▶ DATASET EXCERPT
──────────

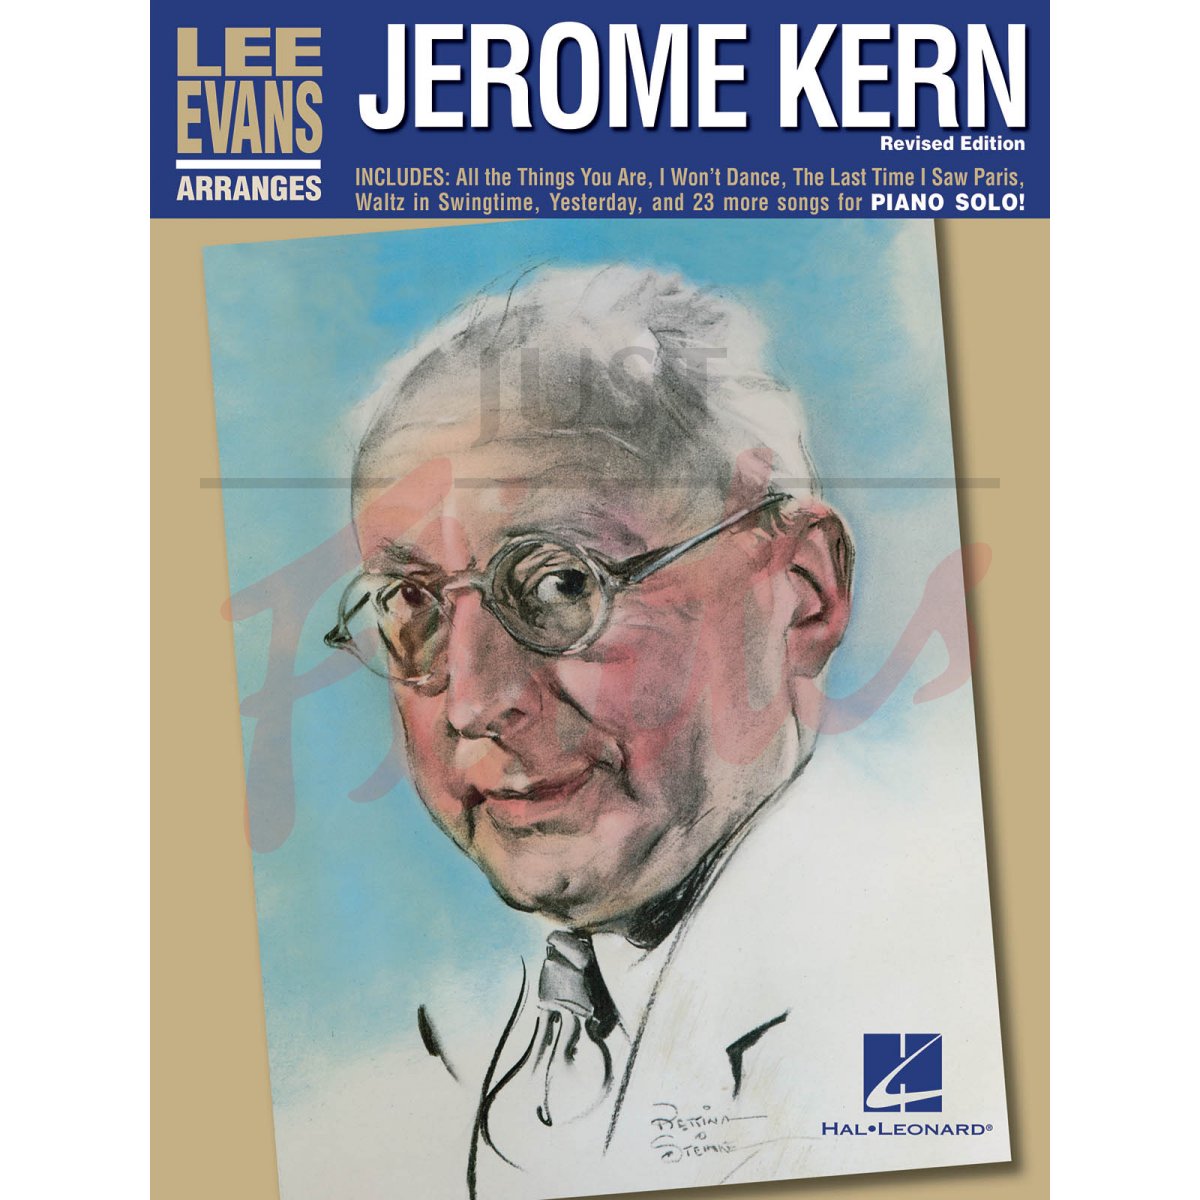 Lee Evans Arranges Jerome Kern for Piano Solo
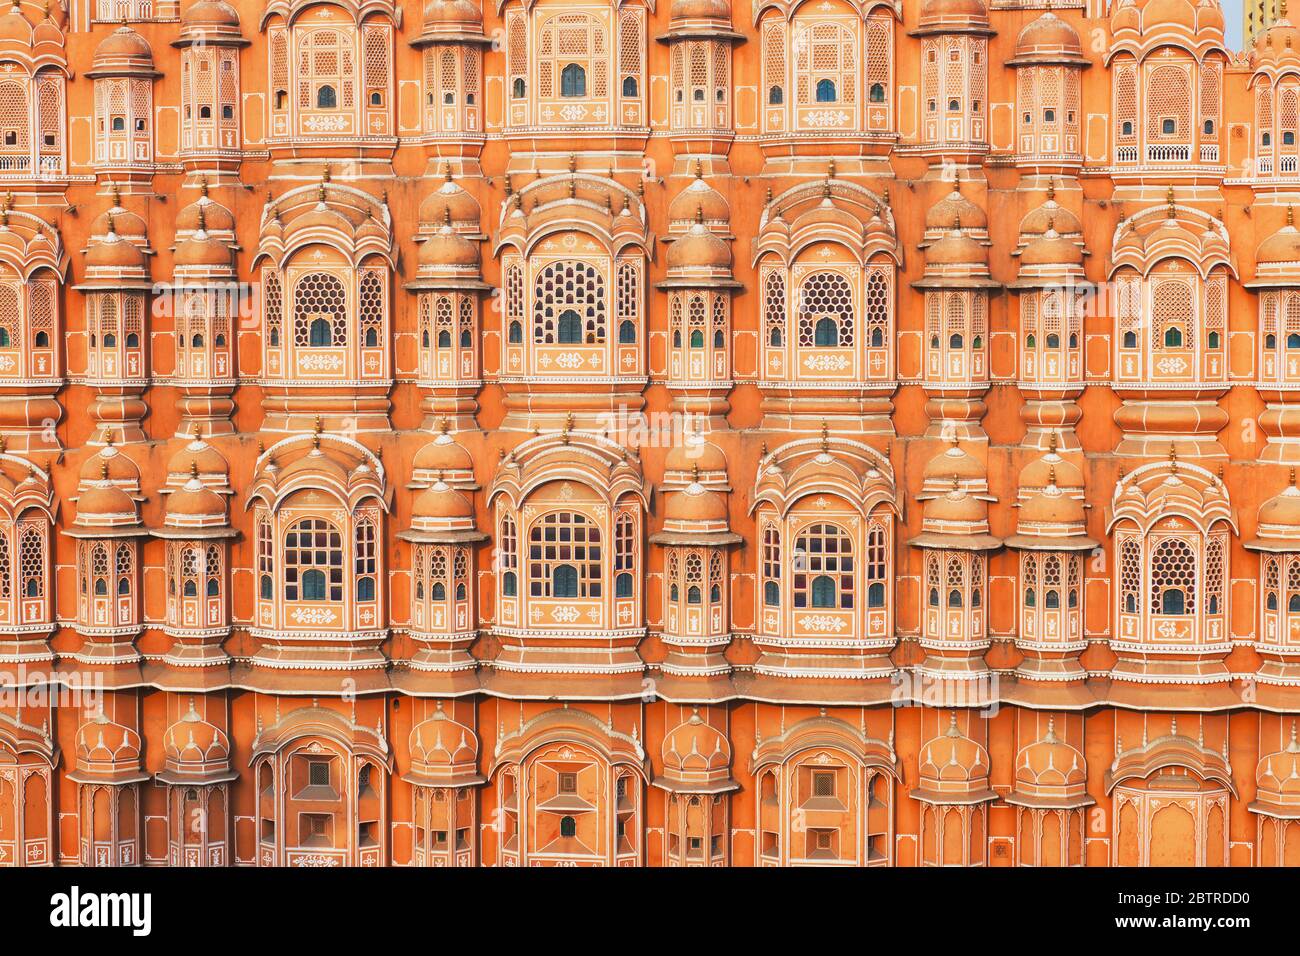 Famoso punto di riferimento indiano Rajasthan - Hawa Mahal palazzo (Palazzo dei Venti) facciata, Jaipur, Rajasthan, India Foto Stock
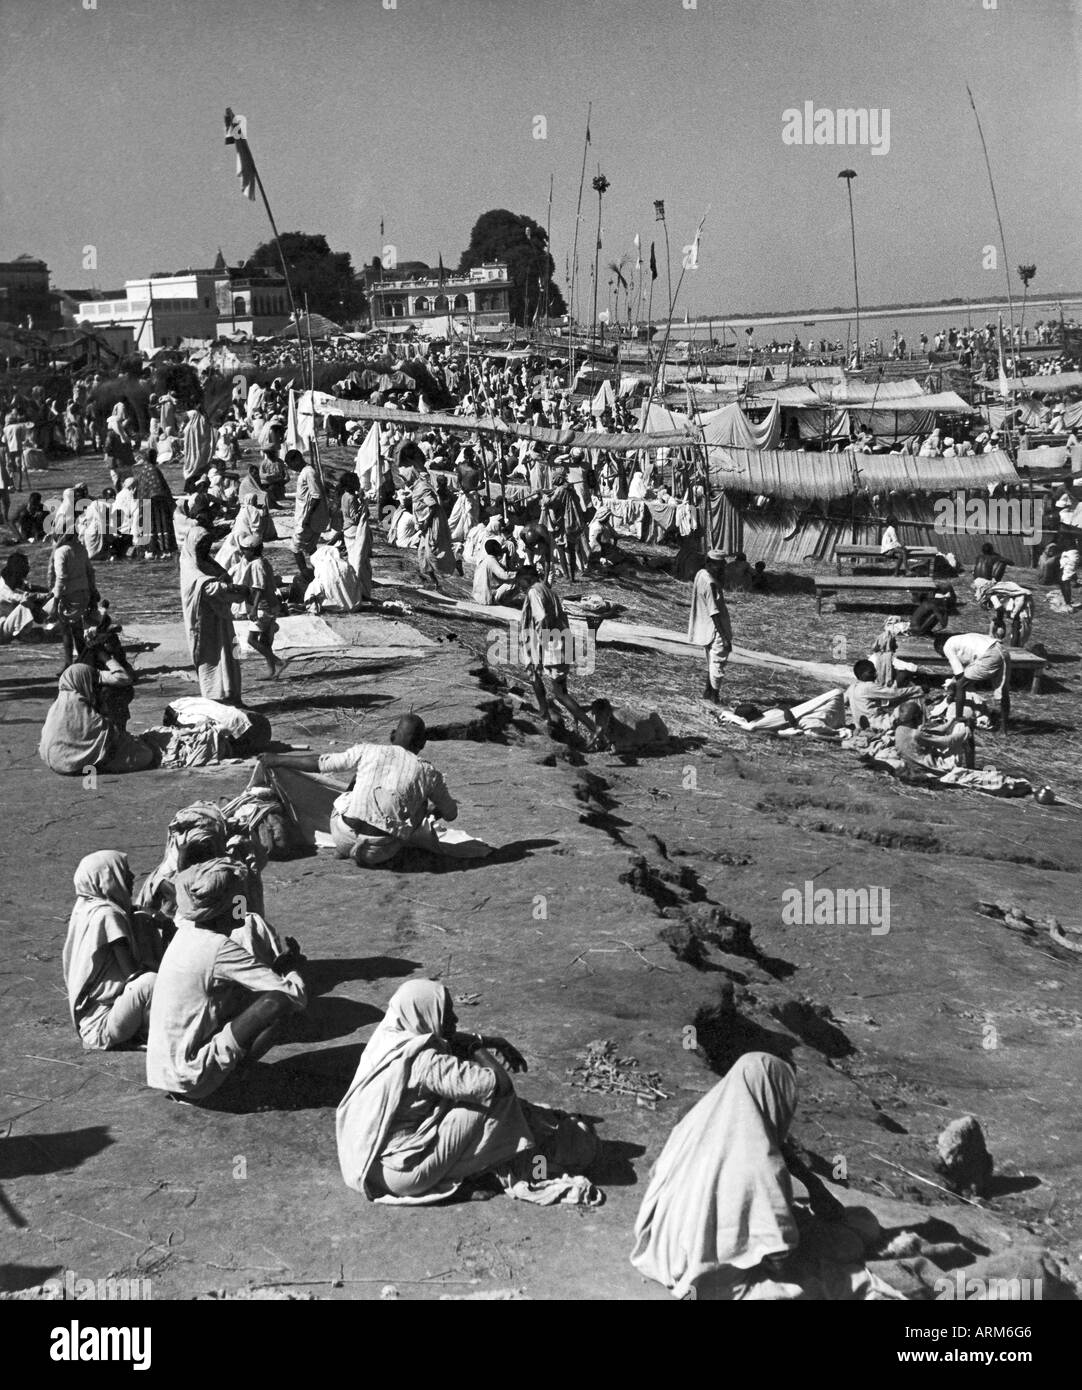 old vintage 1940s photo of Indian people sitting in summer heat with head covered, Banaras, Varanasi, Uttar Pradesh, India Stock Photo
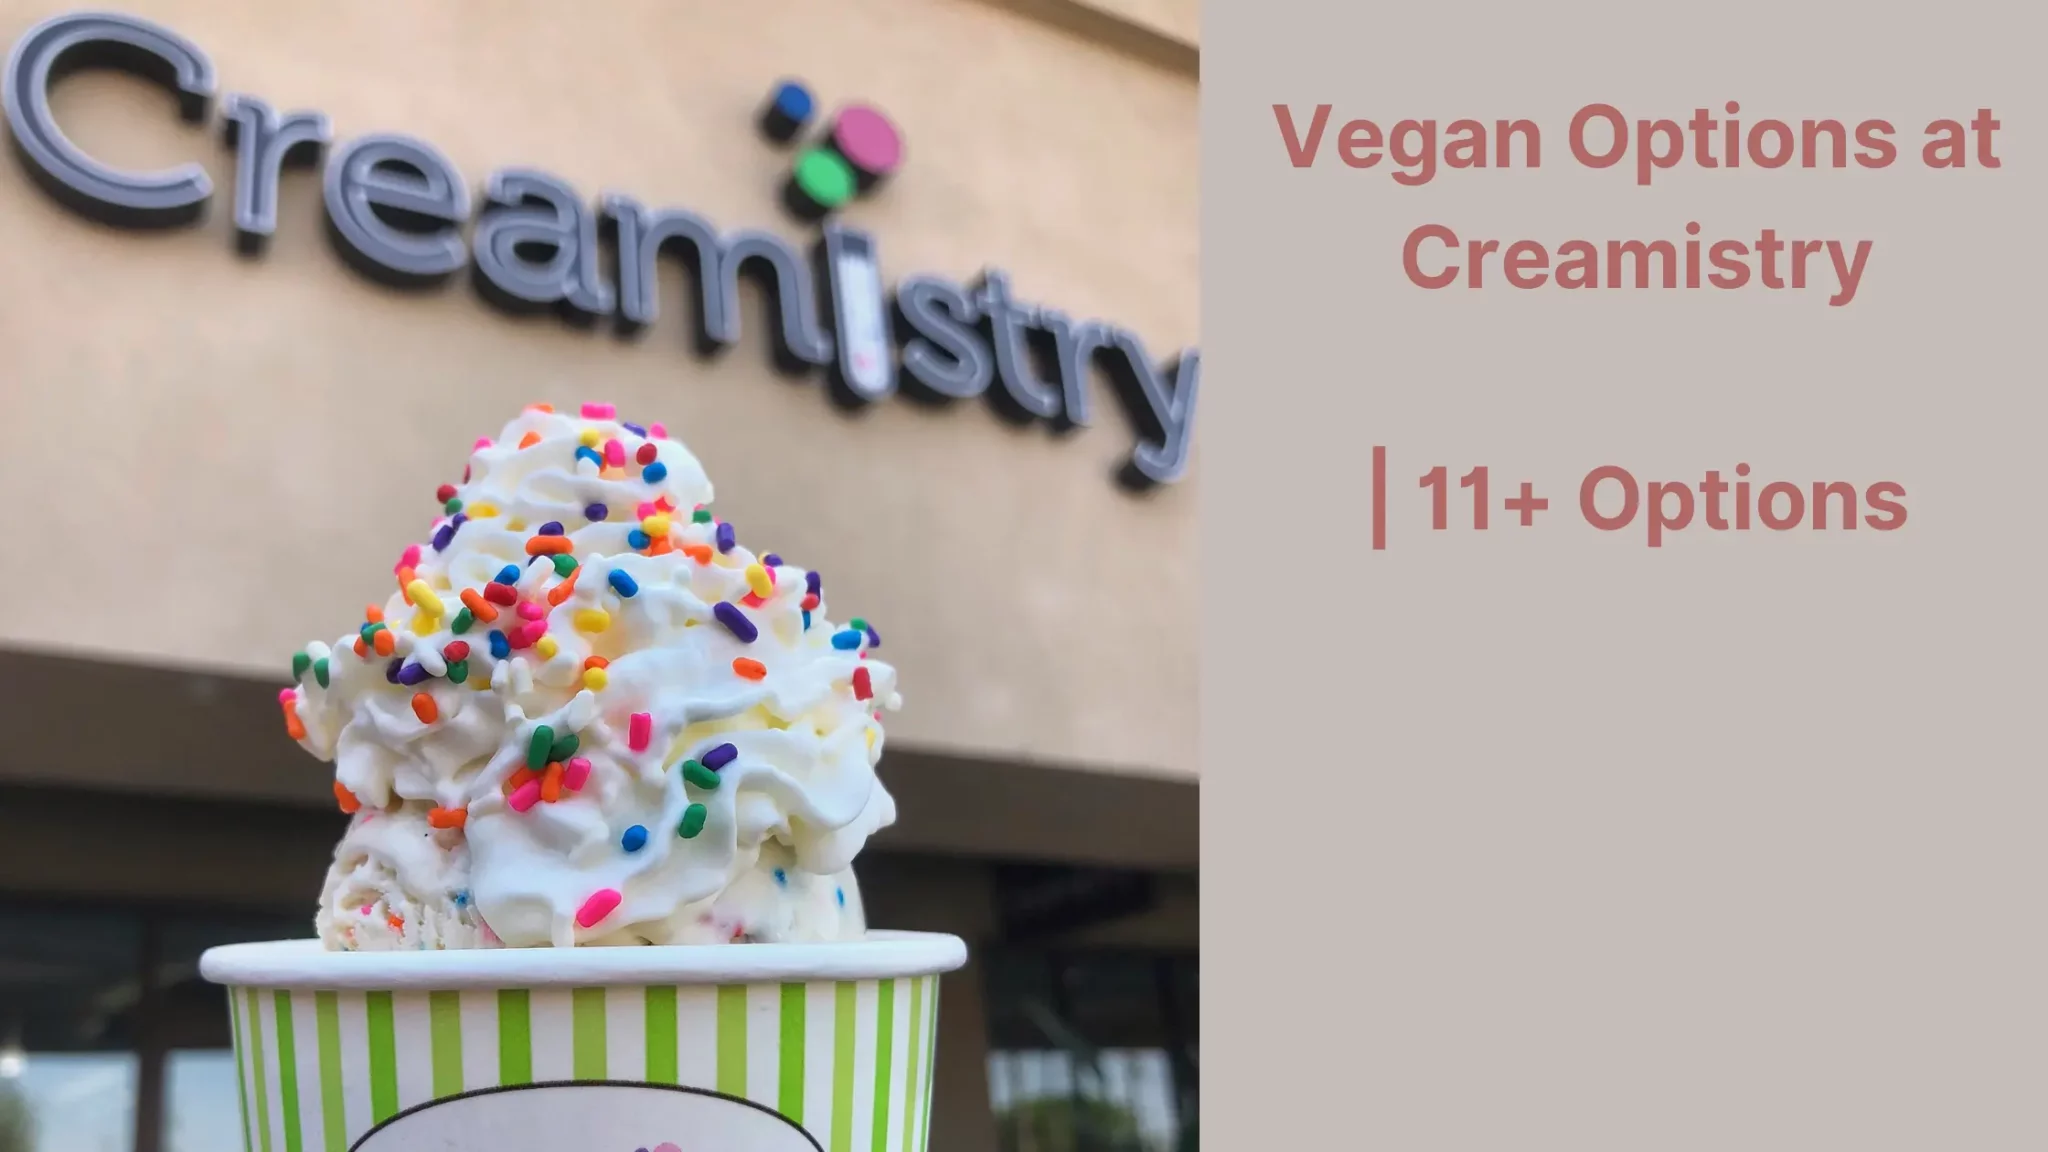 Vegan Options at Creamistry

──────────

▶ DESCRIPTION OF THE TASK
For this exercise, retype exactly, and only, the lines from the line with "Famoso punto di" through the last line of the material above, both included. Pictures stay out.

▶ EXERCISE SOLUTION
 Famoso punto di riferimento indiano Rajasthan - Hawa Mahal palazzo (Palazzo dei Venti) facciata, Jaipur, Rajasthan, India Foto Stock
 old vintage 1940s photo of Indian people sitting in summer heat with head covered, Banaras, Varanasi, Uttar Pradesh, India Stock Photo
 Vegan Options at Creamistry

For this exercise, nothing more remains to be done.